Sarcomas (derived from the Greek word meaning ‘fleshy growth’) are malignant tumours of the tissues that connect, support, or surround other structures and organs of the body. Examples include: muscles, tendons, fibrous tissues, fat, blood vessels, nerves, and synovial tissues (tissues around joints)
The most common soft tissue sarcoma is rhabdomyosarcoma, developing from muscle or fibrous tissue. Other types of soft tissue sarcomas that affect children are:
- Liposarcoma (originating in fat tissue)
- Synovial sarcoma (originating in synovial tissue, including linings of joint cavities and tendon sheaths)
- Fibrosarcoma (originating in fibrous tissue)
The highest peak incidence of sarcomas is in the first few years of life.
Signs and Symptoms
The signs at presentation of rhabdomyosarcoma are dependent on the tumour’s primary site of origin. The most common sites of origin are head and neck, and genitourinary.
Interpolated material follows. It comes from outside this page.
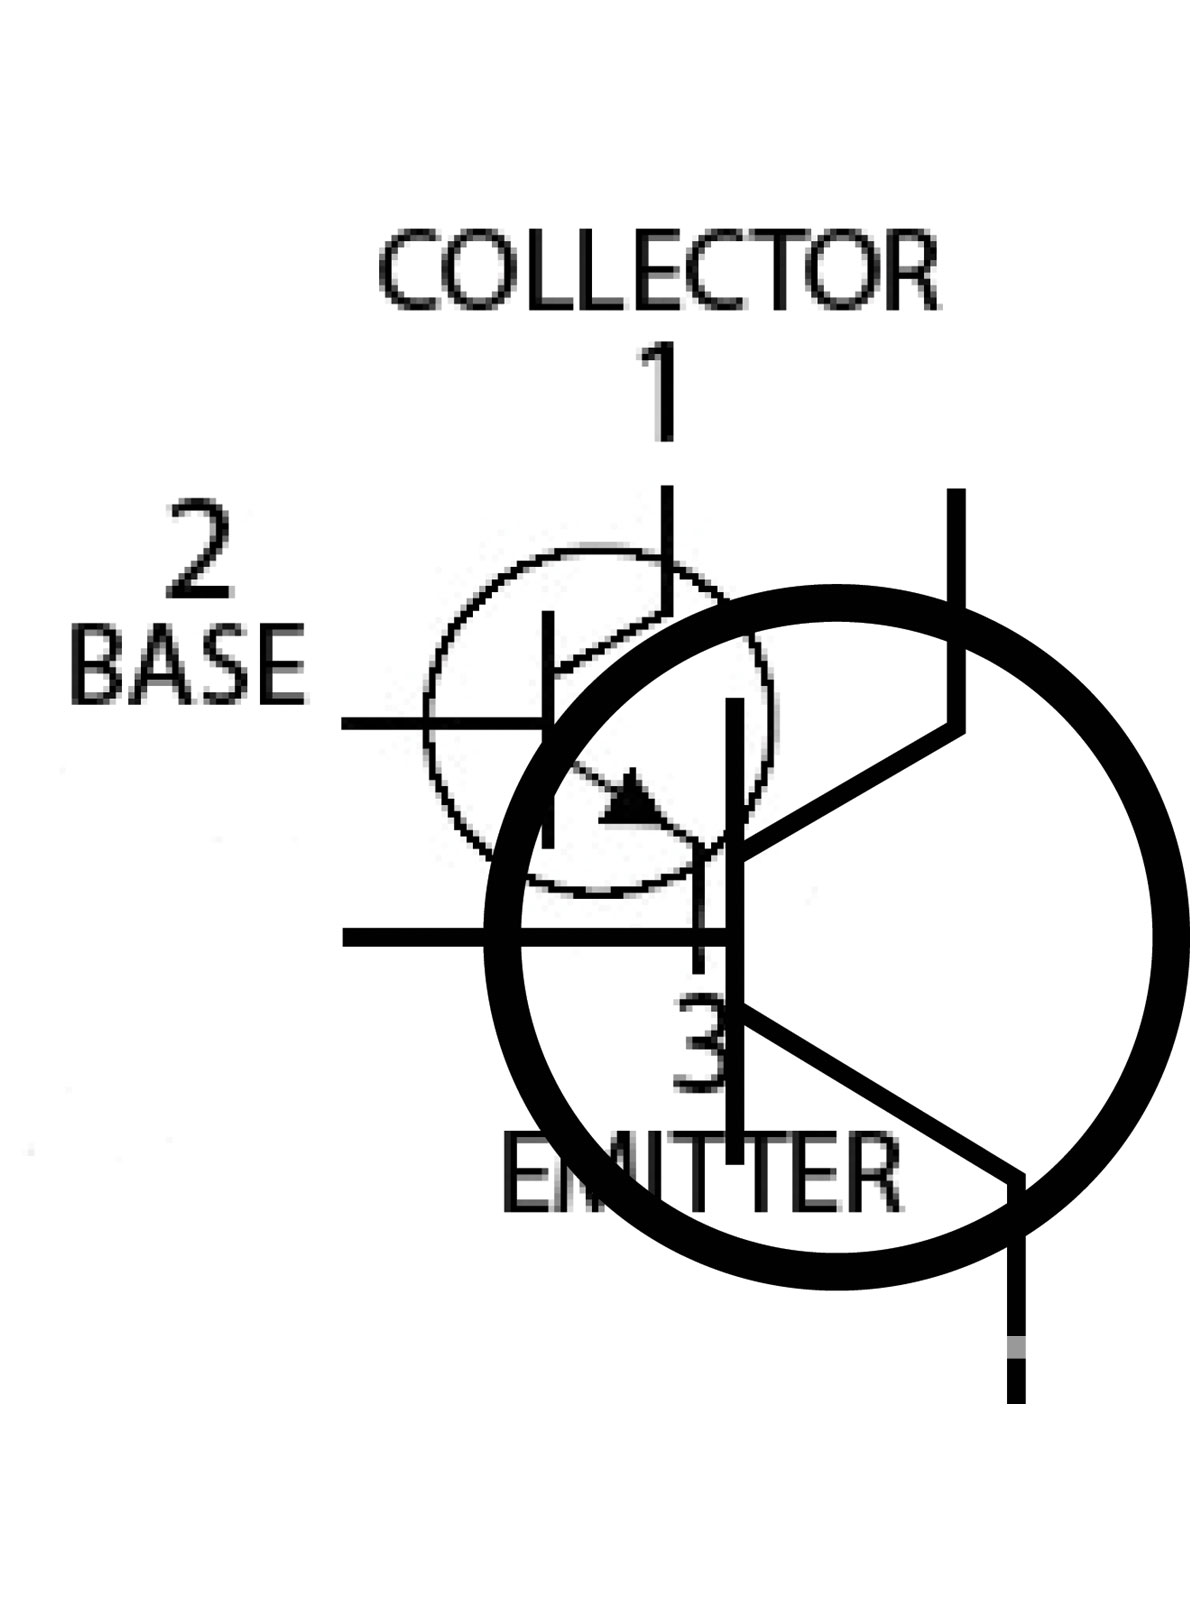 transistor symbol

The most common head and neck symptoms are:
- Proptosis (forwardly displaced or ‘bulging’ eye)
- Nasal obstruction
- Blood stained nasal discharge.
The common genitourinary (bladder or testes) symptoms are:
- Dysuria (painful or difficult urination)
- Urinary obstruction
- Blood stained vaginal discharge.
The most common test to diagnose rhabdomyosarcoma is a biopsy (usually undertaken under general anaesthetic in children). A range of further tests (including CT and MRI scan, X-ray, and blood and bone marrow tests) may be undertaken to ascertain the exact position, size and stage of the cancer.
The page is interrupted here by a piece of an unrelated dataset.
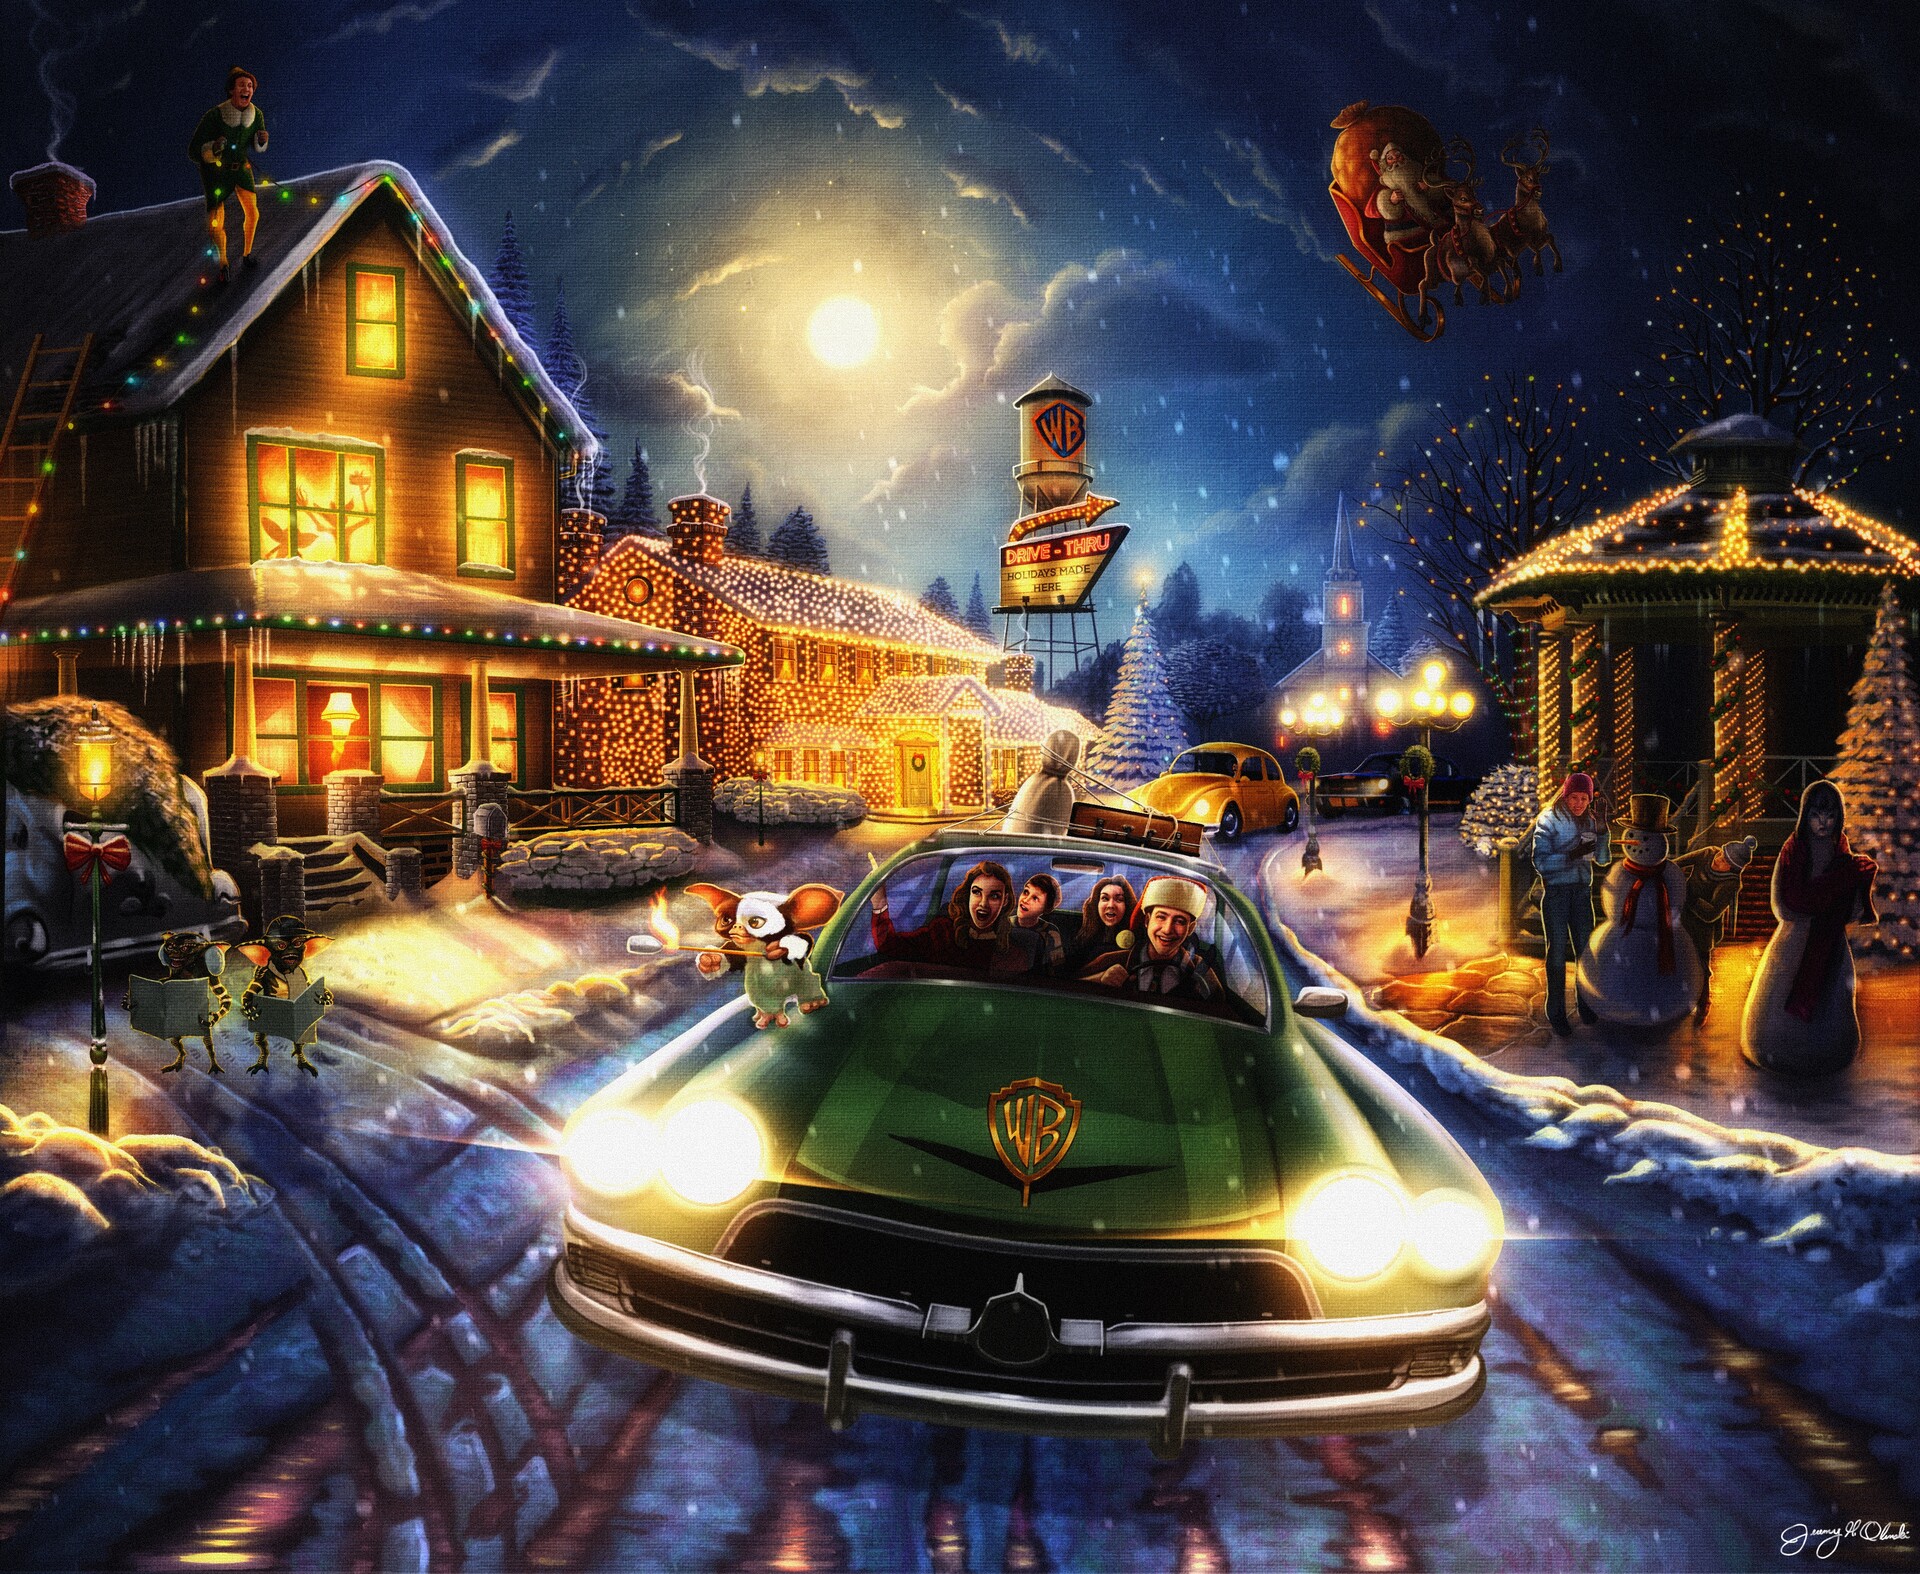 ArtStation Warner Bros. Holidays concept art

Treatment depends on the site, size and extent of the disease. Surgery may be the first option, with additional chemotherapy or radiotherapy. In the majority of cases aggressive chemotherapy is required.
Overall cure rates are approximately 60%, although this is dependent on size and spread at presentation. Metastatic disease (characteristically of the lung, liver, bone or bone marrow) present in about 15% of patients, is associated with a poor prognosis.